■ **Instructions to follow**: Please start at the first line of the records beneath and quote each line exactly, ending with the line containing "Великодній вінок з".

■ **Data to use**:
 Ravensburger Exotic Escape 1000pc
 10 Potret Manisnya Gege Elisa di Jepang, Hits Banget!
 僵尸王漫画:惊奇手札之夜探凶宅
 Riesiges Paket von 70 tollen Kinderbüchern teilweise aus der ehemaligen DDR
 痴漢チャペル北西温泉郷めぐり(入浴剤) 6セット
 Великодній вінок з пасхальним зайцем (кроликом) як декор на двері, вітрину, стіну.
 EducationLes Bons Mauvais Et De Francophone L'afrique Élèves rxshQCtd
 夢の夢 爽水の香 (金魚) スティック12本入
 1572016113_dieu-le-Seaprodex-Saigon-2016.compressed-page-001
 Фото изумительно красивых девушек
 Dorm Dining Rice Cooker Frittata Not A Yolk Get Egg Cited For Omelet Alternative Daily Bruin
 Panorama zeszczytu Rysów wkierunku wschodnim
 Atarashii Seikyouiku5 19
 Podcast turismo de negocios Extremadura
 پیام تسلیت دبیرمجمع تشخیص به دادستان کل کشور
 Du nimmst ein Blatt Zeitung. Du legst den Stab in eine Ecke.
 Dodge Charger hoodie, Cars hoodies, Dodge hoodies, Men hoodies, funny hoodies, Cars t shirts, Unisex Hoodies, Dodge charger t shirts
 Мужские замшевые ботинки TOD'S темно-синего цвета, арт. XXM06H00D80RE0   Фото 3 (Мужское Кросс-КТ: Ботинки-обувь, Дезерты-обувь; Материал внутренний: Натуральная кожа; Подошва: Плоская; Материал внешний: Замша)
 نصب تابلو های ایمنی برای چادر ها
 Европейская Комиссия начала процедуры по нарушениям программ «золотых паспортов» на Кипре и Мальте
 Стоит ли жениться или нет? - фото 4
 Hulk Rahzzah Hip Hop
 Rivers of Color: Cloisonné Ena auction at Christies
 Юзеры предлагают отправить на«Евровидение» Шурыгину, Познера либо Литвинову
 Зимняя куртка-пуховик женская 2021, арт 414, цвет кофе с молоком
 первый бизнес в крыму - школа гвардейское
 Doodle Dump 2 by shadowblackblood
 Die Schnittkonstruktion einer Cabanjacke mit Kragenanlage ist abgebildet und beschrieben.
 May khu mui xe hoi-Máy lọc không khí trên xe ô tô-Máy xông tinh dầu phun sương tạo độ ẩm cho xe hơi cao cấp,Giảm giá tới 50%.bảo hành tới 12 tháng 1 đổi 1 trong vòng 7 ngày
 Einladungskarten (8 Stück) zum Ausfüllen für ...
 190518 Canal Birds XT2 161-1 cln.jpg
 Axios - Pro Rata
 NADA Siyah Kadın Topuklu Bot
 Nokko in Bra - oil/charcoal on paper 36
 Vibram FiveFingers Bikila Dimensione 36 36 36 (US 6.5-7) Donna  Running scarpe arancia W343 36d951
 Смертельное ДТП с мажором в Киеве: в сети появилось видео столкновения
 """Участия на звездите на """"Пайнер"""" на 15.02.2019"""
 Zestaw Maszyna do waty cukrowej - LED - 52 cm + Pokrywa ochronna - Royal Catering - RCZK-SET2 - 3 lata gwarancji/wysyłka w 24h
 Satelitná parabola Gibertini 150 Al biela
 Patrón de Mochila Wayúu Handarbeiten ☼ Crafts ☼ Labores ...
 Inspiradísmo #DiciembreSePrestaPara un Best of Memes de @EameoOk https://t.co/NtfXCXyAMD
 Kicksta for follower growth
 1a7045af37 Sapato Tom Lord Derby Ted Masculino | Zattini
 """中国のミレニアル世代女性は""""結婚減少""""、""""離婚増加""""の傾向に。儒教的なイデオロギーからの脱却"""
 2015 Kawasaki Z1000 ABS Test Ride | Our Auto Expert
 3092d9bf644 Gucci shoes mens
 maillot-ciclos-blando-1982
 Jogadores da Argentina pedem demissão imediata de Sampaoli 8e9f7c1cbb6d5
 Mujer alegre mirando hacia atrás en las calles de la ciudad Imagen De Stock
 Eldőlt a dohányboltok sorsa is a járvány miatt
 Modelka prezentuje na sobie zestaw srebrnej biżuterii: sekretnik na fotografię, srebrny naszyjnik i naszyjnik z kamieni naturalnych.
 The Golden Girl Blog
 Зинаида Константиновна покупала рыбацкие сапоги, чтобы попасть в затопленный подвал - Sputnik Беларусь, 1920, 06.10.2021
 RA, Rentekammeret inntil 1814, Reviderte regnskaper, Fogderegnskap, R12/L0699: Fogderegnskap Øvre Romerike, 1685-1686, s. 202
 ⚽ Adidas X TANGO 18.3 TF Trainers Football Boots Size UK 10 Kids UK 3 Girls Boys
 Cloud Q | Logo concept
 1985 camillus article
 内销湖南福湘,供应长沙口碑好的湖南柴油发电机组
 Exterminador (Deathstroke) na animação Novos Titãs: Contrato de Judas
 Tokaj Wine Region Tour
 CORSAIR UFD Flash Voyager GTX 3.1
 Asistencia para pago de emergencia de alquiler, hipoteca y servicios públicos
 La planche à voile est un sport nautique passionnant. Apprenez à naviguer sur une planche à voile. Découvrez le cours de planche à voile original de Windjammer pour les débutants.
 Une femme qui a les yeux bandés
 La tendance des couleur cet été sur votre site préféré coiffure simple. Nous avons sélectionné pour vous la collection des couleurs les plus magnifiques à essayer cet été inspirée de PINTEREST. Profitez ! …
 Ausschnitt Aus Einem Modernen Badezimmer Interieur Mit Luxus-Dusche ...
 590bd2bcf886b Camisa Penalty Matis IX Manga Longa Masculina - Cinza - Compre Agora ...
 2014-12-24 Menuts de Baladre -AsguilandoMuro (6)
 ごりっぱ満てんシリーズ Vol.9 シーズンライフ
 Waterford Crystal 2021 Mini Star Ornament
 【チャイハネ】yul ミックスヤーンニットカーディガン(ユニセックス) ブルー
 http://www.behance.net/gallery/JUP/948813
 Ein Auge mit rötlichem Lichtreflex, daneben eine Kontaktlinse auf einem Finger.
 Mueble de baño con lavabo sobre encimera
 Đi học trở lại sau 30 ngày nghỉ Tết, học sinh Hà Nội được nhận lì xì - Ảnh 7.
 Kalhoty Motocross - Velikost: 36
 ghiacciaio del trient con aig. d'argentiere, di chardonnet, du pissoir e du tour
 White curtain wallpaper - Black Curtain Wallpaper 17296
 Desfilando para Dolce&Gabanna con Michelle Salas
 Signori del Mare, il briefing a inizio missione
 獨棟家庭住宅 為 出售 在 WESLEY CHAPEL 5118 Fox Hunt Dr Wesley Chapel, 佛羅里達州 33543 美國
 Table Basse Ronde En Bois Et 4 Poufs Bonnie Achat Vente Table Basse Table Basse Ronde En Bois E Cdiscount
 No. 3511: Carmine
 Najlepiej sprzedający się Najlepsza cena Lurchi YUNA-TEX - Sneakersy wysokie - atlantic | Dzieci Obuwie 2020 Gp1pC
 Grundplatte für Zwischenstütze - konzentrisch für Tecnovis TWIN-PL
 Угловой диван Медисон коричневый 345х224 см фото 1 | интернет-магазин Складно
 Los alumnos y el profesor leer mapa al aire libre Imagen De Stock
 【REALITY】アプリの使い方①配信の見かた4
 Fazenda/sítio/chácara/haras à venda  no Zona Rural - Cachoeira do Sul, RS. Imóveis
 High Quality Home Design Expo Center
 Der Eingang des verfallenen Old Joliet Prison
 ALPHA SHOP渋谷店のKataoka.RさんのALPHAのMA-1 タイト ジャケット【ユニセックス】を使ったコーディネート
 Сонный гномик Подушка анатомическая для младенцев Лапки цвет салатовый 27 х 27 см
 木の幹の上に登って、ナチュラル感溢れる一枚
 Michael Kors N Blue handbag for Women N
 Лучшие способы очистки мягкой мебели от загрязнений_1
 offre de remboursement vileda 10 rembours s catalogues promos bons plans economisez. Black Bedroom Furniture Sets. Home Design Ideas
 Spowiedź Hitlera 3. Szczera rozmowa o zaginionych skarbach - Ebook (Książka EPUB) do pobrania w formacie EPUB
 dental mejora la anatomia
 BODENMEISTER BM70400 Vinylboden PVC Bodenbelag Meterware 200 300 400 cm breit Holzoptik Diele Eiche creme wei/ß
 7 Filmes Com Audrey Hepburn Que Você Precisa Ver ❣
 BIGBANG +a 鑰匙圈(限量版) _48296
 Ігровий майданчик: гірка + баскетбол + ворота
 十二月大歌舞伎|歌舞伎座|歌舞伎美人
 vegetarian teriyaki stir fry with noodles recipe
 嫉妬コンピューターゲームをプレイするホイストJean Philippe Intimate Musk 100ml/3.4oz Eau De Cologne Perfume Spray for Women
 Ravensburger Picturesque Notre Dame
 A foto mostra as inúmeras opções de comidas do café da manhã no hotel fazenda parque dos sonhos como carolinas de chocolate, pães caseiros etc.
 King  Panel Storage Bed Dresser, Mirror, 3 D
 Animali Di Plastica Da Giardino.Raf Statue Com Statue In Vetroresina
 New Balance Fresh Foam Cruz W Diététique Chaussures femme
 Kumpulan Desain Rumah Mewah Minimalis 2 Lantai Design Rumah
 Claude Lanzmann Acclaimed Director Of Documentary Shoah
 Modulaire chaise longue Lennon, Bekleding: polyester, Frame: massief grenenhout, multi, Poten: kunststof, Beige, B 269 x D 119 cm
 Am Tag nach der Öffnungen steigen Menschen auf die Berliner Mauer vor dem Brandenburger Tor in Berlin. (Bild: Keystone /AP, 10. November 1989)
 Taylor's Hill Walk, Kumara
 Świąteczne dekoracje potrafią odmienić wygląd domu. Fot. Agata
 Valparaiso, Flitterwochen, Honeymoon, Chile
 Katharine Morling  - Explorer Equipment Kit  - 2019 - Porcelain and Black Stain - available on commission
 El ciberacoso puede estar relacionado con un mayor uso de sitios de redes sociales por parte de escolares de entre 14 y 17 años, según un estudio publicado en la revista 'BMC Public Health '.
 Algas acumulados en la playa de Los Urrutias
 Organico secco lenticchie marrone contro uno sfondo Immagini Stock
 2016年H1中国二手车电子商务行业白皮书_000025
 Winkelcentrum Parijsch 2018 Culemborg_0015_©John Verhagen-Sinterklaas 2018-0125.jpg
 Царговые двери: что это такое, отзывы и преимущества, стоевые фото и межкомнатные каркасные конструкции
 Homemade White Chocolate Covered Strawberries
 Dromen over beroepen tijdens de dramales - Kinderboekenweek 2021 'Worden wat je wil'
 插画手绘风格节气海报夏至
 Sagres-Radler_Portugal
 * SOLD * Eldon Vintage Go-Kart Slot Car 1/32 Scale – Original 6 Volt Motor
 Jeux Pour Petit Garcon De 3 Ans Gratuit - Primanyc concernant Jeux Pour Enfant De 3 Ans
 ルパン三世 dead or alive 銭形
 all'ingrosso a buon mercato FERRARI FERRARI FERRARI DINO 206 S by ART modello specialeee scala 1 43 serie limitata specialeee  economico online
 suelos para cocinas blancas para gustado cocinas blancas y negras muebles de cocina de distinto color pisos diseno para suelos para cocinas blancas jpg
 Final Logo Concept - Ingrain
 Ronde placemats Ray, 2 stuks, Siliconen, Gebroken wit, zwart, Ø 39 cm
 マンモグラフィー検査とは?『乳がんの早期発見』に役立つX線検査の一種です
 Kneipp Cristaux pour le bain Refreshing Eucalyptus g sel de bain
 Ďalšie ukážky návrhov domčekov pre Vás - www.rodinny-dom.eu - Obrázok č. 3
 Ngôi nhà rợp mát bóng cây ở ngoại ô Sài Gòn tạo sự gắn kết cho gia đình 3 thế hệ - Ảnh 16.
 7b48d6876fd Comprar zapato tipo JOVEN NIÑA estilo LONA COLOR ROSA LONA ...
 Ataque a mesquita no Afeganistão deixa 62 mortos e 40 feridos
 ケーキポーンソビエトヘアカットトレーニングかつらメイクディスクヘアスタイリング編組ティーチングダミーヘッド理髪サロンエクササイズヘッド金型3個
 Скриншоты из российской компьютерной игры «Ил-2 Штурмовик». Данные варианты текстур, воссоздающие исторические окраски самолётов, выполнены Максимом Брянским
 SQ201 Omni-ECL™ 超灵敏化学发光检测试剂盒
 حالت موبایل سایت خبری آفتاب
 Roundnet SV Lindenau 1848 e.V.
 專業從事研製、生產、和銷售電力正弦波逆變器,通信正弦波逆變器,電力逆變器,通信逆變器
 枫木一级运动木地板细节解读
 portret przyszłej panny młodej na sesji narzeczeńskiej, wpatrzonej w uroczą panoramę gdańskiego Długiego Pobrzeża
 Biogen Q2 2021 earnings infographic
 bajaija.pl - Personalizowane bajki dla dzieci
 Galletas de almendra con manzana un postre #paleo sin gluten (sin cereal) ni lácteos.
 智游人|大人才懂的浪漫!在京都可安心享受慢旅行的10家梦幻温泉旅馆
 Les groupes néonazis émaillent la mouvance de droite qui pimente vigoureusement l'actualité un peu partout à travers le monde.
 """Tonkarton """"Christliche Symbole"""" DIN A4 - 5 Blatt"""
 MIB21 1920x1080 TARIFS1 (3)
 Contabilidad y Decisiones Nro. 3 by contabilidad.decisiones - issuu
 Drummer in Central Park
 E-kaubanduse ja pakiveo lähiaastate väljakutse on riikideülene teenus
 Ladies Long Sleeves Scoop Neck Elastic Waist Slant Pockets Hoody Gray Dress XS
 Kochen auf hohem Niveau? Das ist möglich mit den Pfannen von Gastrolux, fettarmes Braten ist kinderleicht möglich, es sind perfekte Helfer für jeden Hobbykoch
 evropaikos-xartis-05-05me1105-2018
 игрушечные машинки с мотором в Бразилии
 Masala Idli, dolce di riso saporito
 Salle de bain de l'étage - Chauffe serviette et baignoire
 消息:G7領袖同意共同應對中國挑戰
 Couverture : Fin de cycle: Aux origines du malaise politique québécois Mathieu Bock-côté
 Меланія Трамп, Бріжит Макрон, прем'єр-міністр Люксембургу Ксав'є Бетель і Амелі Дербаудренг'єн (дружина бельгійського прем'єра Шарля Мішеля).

■ **Expected answer**:
 Ravensburger Exotic Escape 1000pc
 10 Potret Manisnya Gege Elisa di Jepang, Hits Banget!
 僵尸王漫画:惊奇手札之夜探凶宅
 Riesiges Paket von 70 tollen Kinderbüchern teilweise aus der ehemaligen DDR
 痴漢チャペル北西温泉郷めぐり(入浴剤) 6セット
 Великодній вінок з пасхальним зайцем (кроликом) як декор на двері, вітрину, стіну.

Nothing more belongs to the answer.